在R中,我怎样才能最好地矢量化这个操作?
我有一个参考值表,下限(A)和上限(B)。
我还有一个值表(X)来查找上表。
对于X的每个值,我需要确定它是否位于参考表中A和B的任何值之间。
为了演示上述内容,以下是使用循环的解决方案:
#For Reproduceability,
set.seed(1);
#Set up the Reference and Lookup Tables
nref = 5; nlook = 10
referenceTable <- data.frame(A=runif(nref,min=0.25,max=0.5),
B=runif(nref,min=0.50,max=0.75));
lookupTable <- data.frame(X=runif(nlook),IsIn=0)
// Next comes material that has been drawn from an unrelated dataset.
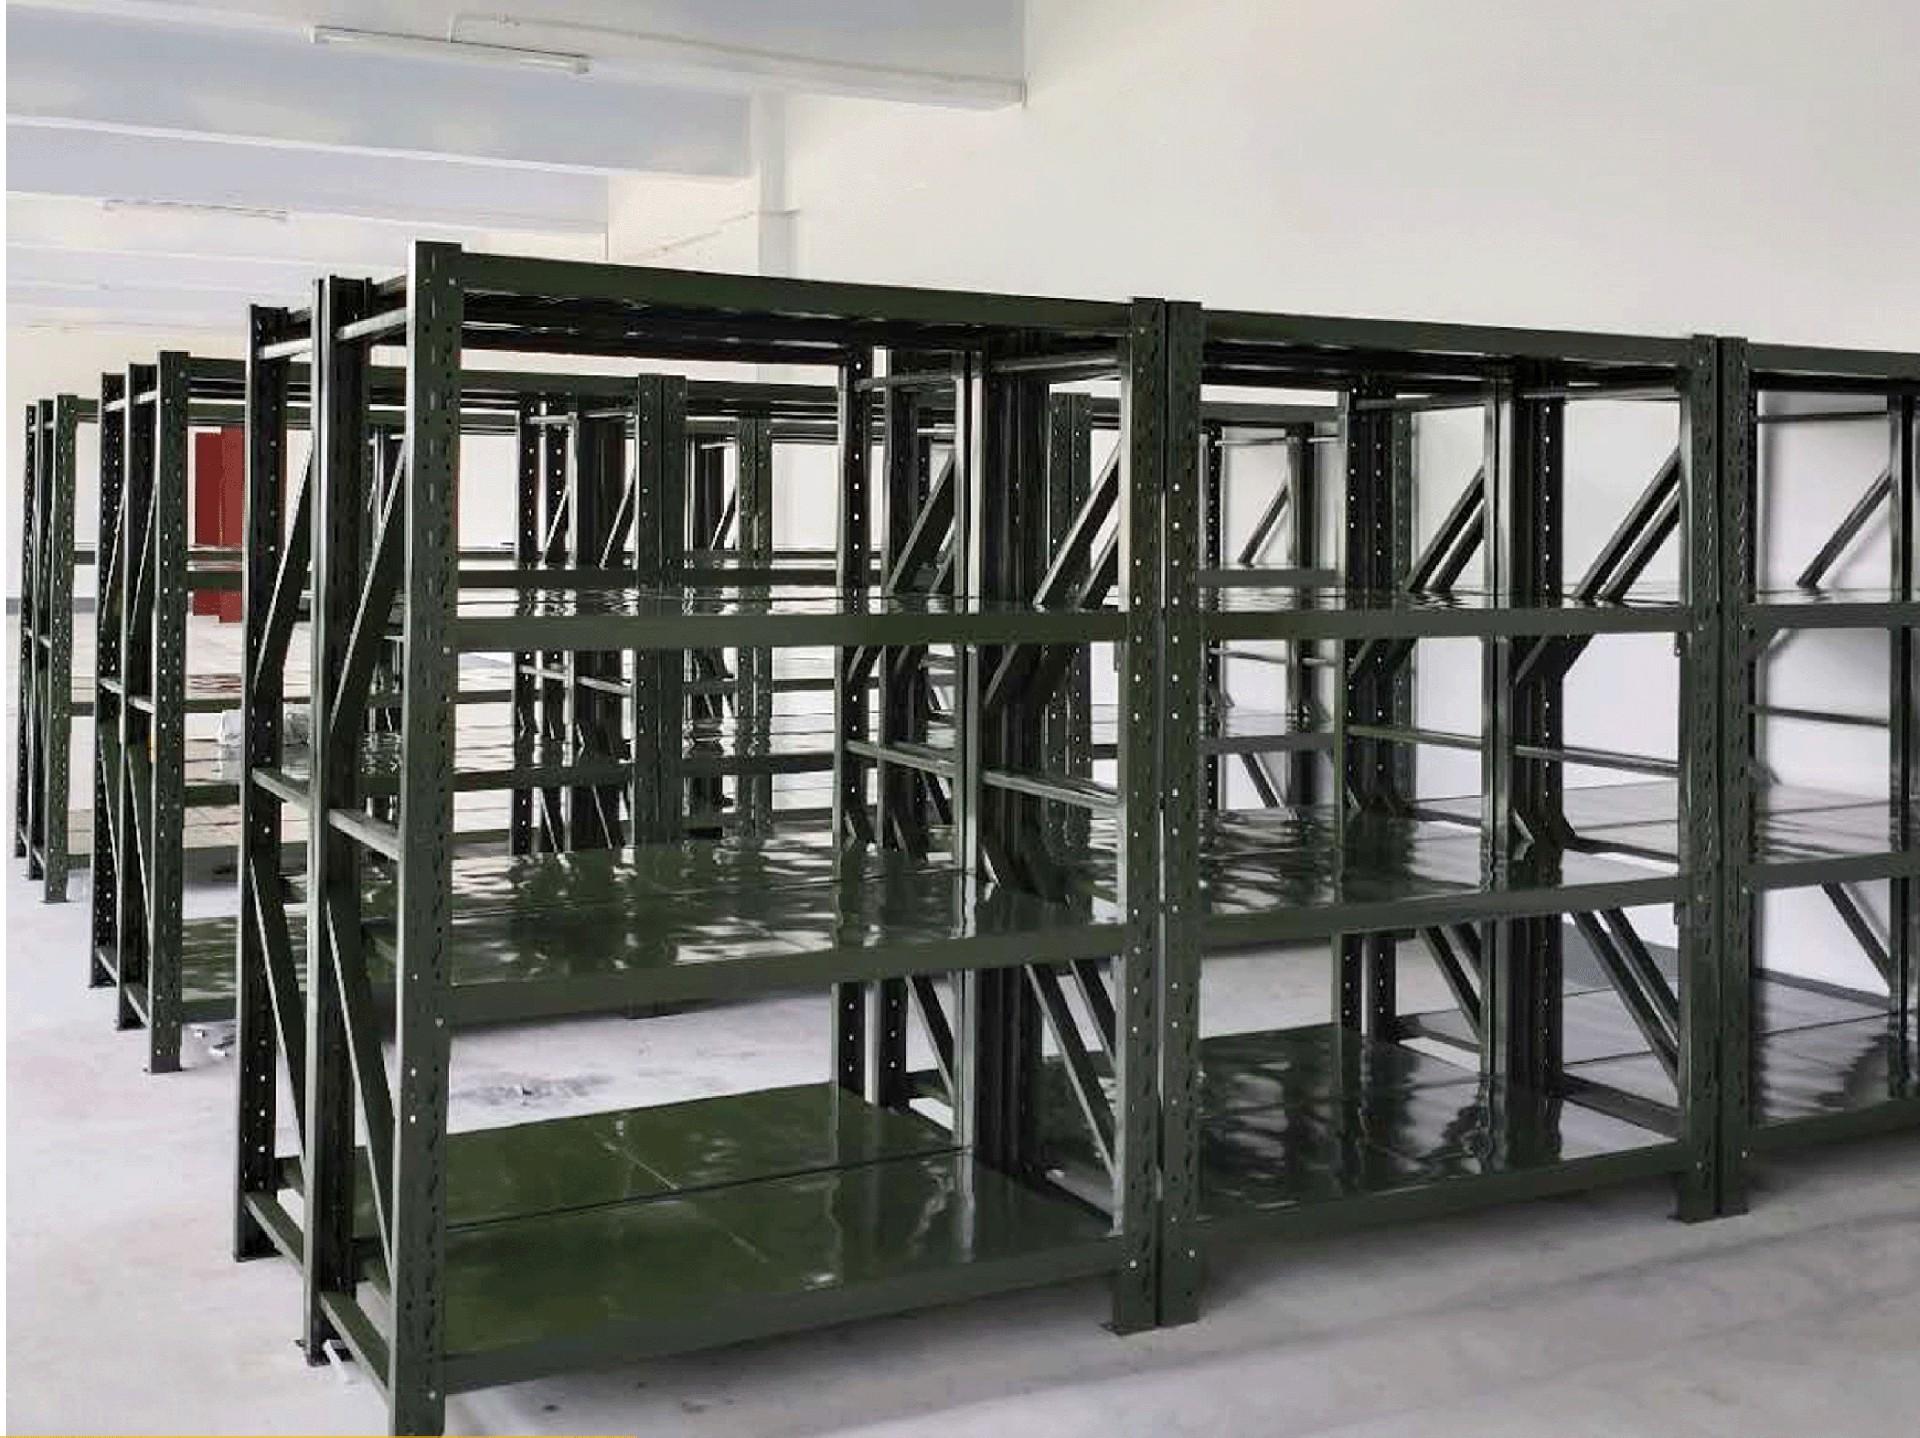 仓储货架层板要满足哪些要求?
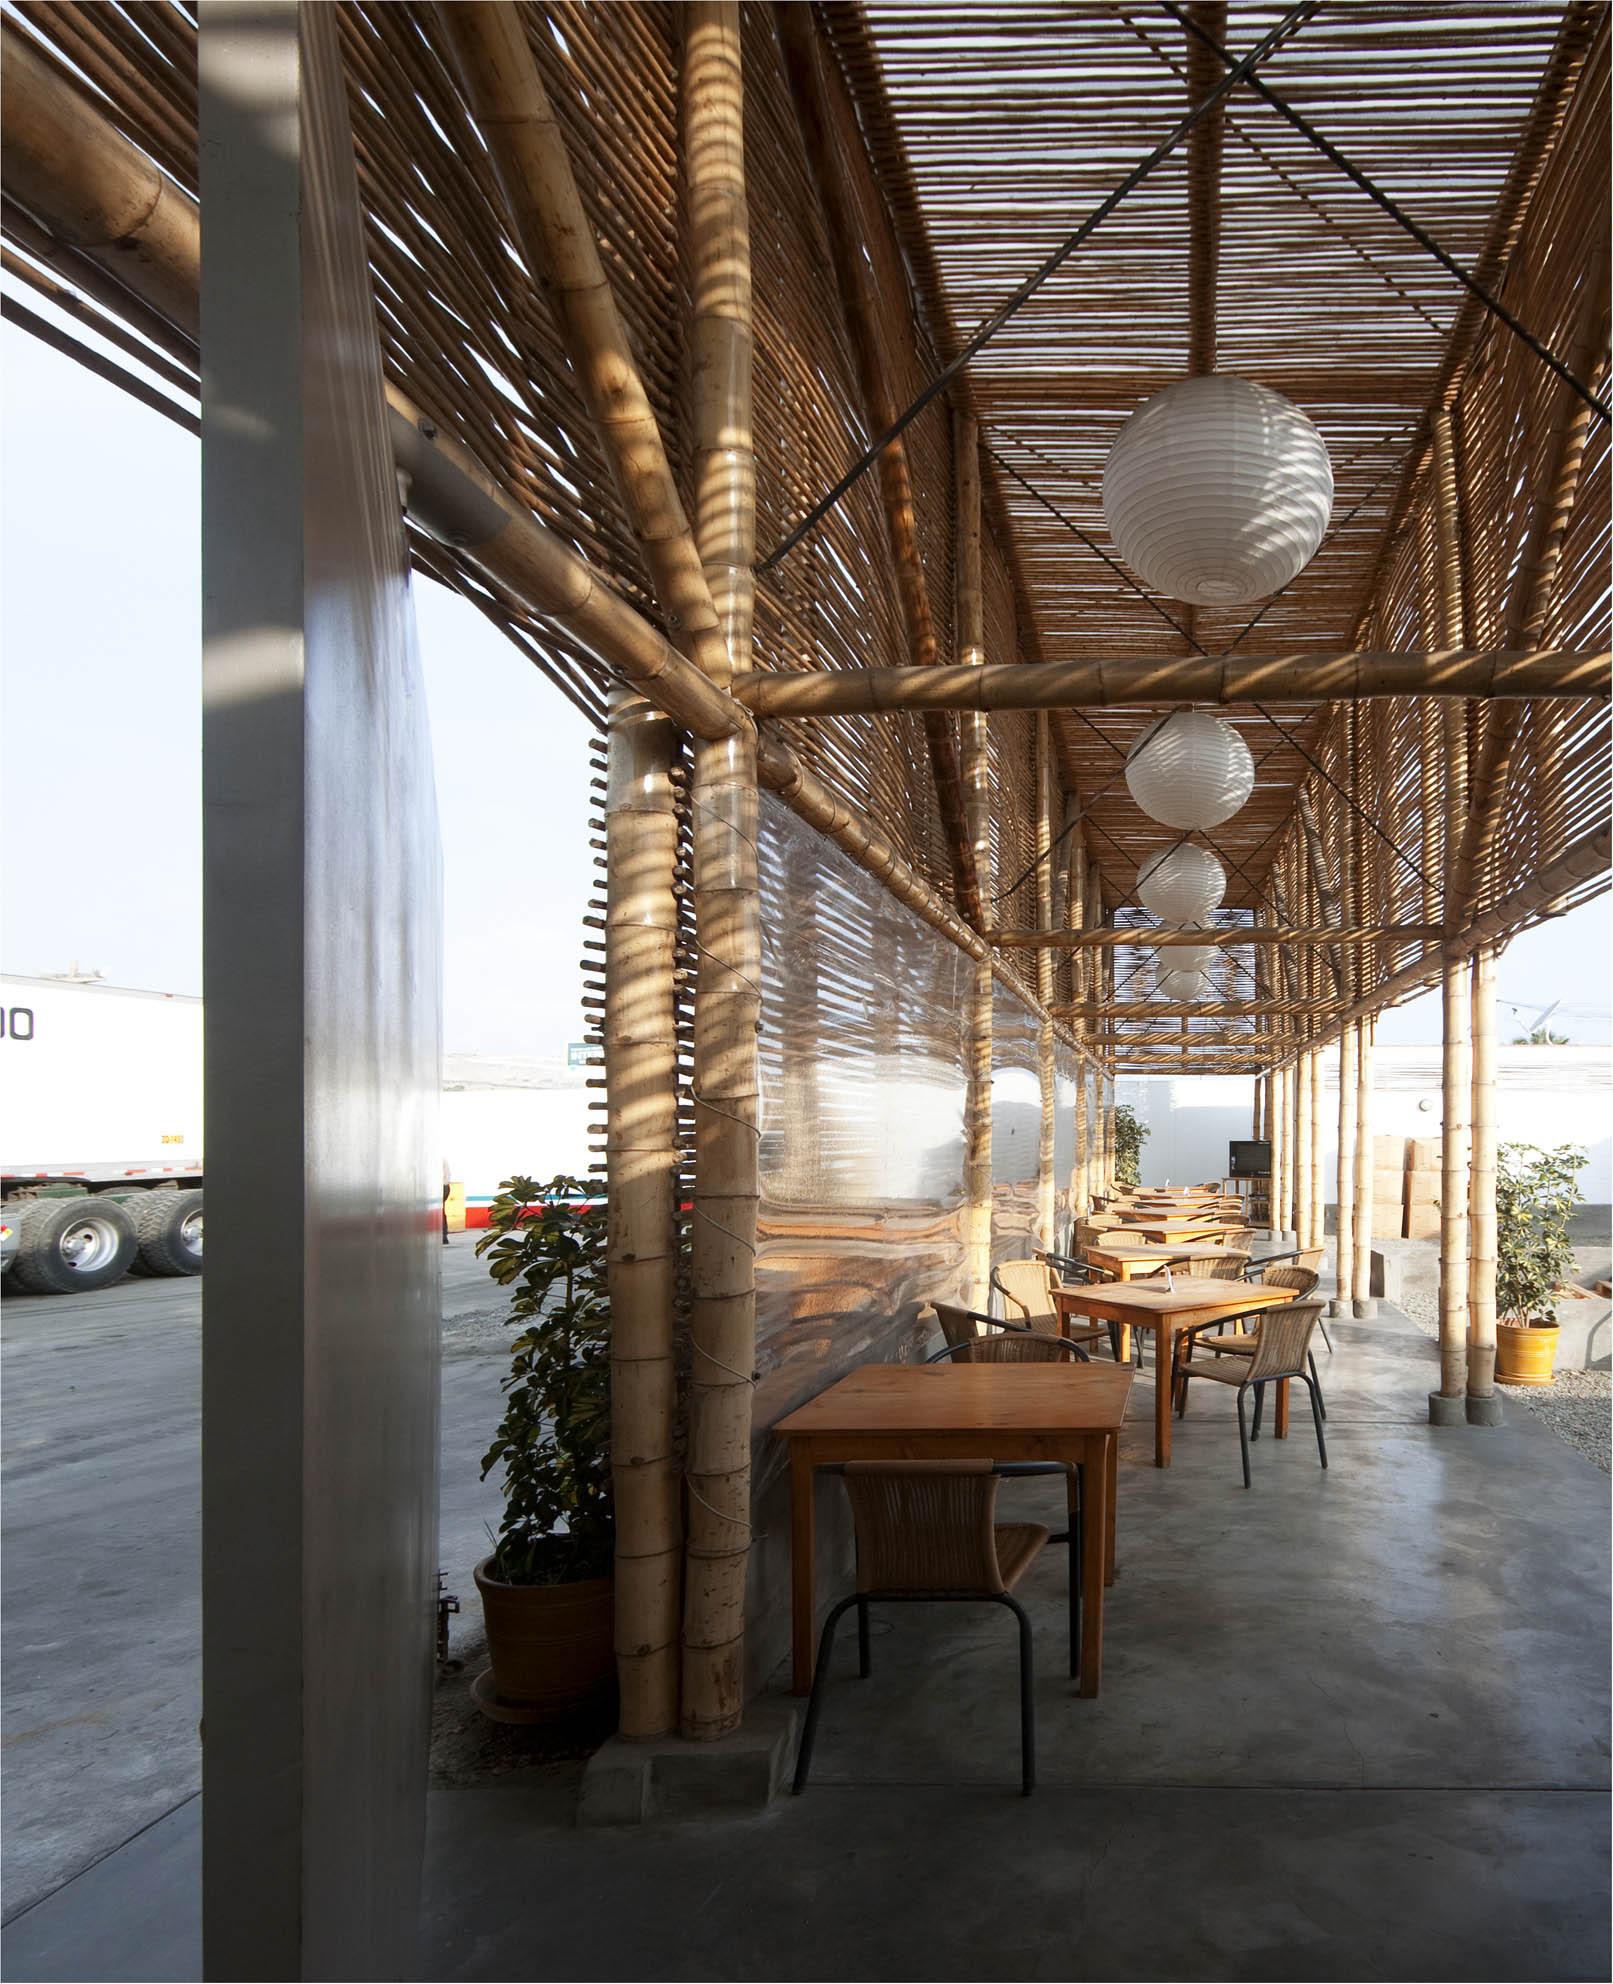 El Camion Restaurant / LLONA + ZAMORA Arquitectos + Fernando Mosquera, © Michelle Llona R

#Process for each row in the lookup table
#search for at least one match in the reference table where A <= X < B
for(x in 1:nrow(lookupTable)){
v <- lookupTable$X[x]
tmp <- subset(referenceTable,v >= A & v < B)
lookupTable[x,'IsIn'] = as.integer(nrow(tmp) > 0)
}
我正在尝试删除for(x in .... )组件,因为我现实生活中的表格中有数千条记录。
答案 0 :(得分:6)
我找不到确切的欺骗,所以这是使用data.table::foverlaps的可能解决方案。首先,我们需要向lookupTable添加一个额外的列,以便在两侧创建边界。然后key referenceTable(foverlaps工作所必需的)然后只运行一个简单的重叠连接,同时只选择第一个连接,因为您想要任何连接(我已经使用0^来转换为二进制文件,因为你不想要实际的位置)
library(data.table)
setDT(lookupTable)[, Y := X] # Add an additional boundary column
setkey(setDT(referenceTable)) # Key the referenceTable data set
lookupTable[, IsIn := 0 ^ !foverlaps(lookupTable,
referenceTable,
by.x = c("X", "Y"),
mult = "first",
nomatch = 0L,
which = TRUE)]
# X IsIn Y
# 1: 0.2059746 0 0.2059746
# 2: 0.1765568 0 0.1765568
# 3: 0.6870228 1 0.6870228
# 4: 0.3841037 1 0.3841037
# 5: 0.7698414 0 0.7698414
# 6: 0.4976992 1 0.4976992
# 7: 0.7176185 1 0.7176185
# 8: 0.9919061 0 0.9919061
# 9: 0.3800352 1 0.3800352
# 10: 0.7774452 0 0.7774452
答案 1 :(得分:0)
使用findInterval
referenceTable2 = cbind(-Inf, referenceTable)
for(x in 1:nrow(referenceTable2)){
tmp <- findInterval(lookupTable$X, referenceTable2[x,])
lookupTable[,'IsIn'] = lookupTable[,'IsIn'] + (tmp == 2)
}
lookupTable[,'IsIn'] = sign(lookupTable[,'IsIn'])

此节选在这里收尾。